At this time of year, the light of day declines quickly as late afternoon slides into evening. Darkness arrives swiftly. This inevitable reality escapes the notice of a group of motorists — those who refuse to turn their headlights on, which, naturally, renders their vehicles more difficult for other drivers to see. Some drive headlightless well into night, when it’s REALLY dark. Terrifying.

What are these drivers thinking? Are they thinking at all? One friend suggests that such drivers reason that if they can see other vehicles, there’s no problem. Well, yes, here’s the problem. In addition to driving dangerously, they could be breaking the law.

The law varies slightly among states, but for us and other drivers to be safe, our headlights should be on 30 minutes before sunset and 30 minutes after dawn.

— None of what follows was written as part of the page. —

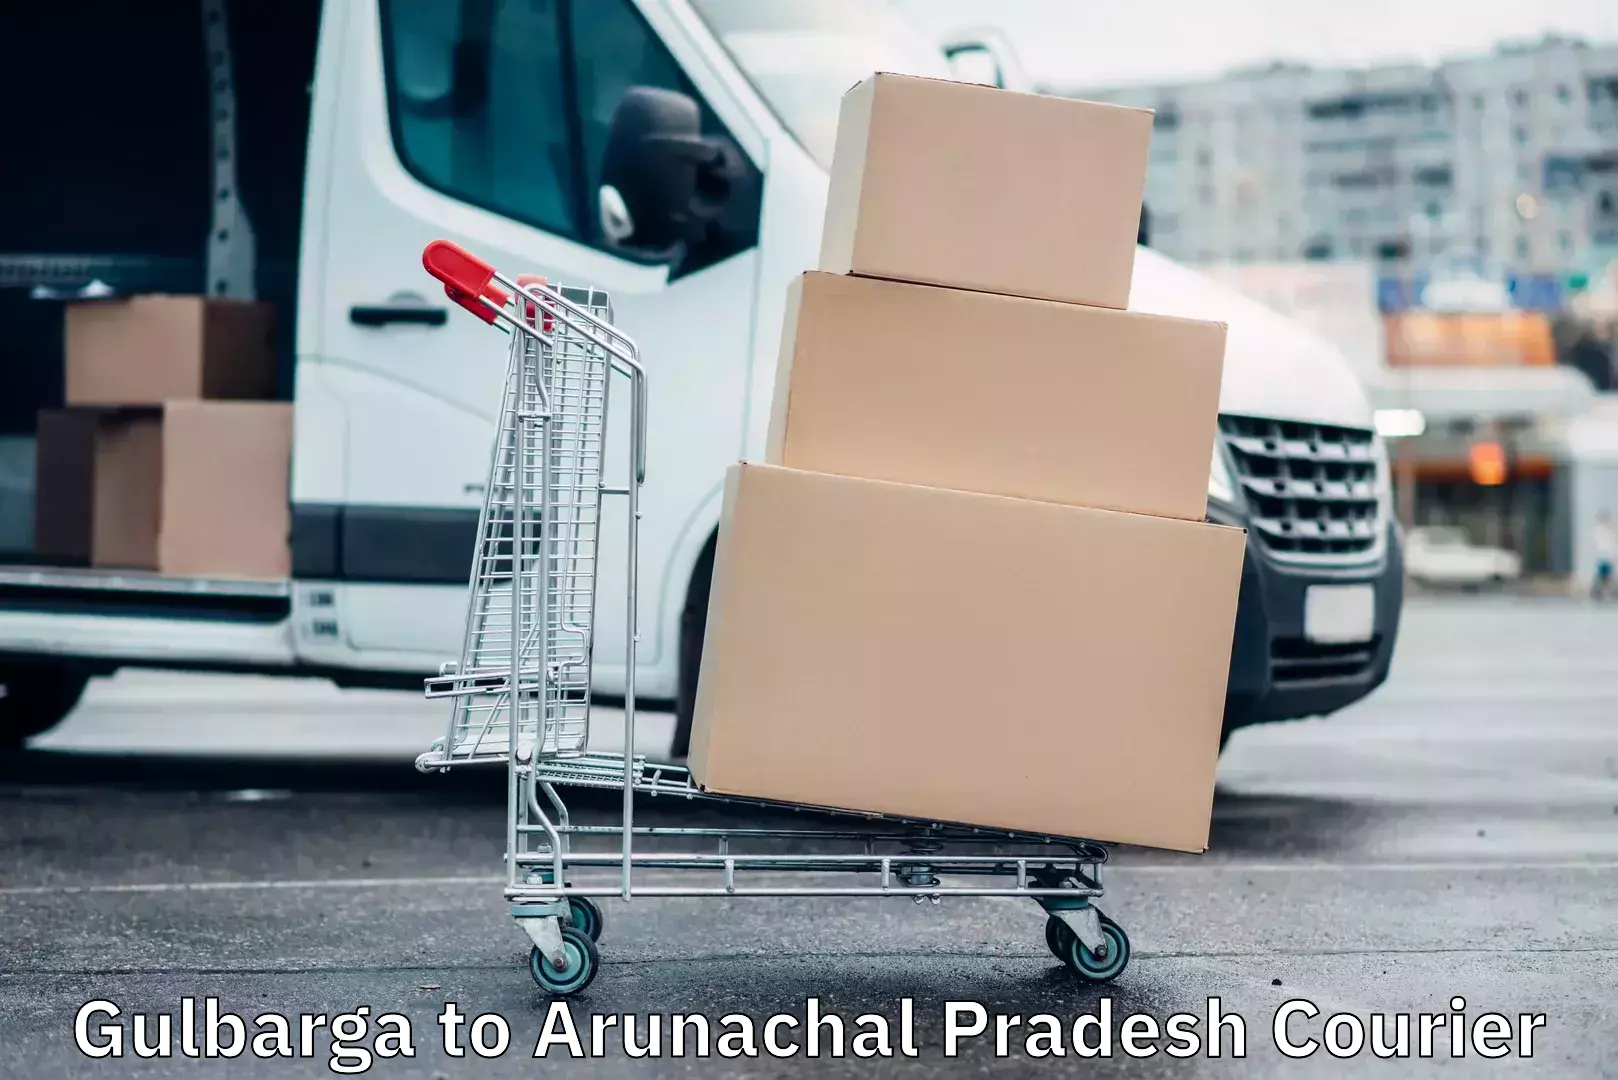 User-friendly delivery service Gulbarga to Arunachal Pradesh

Headlights also are required in the rain, a fact that has escaped the notice of far too many of us drivers. If we need to turn our wipers on, we need our headlights, too.  That’s the law, and it makes sense. When the weather turns bad, we and our vehicles are harder for others to see.

And that’s the point, really. These rules and laws are more about keeping others safe than they are about us.

But they do apply to us. All of us.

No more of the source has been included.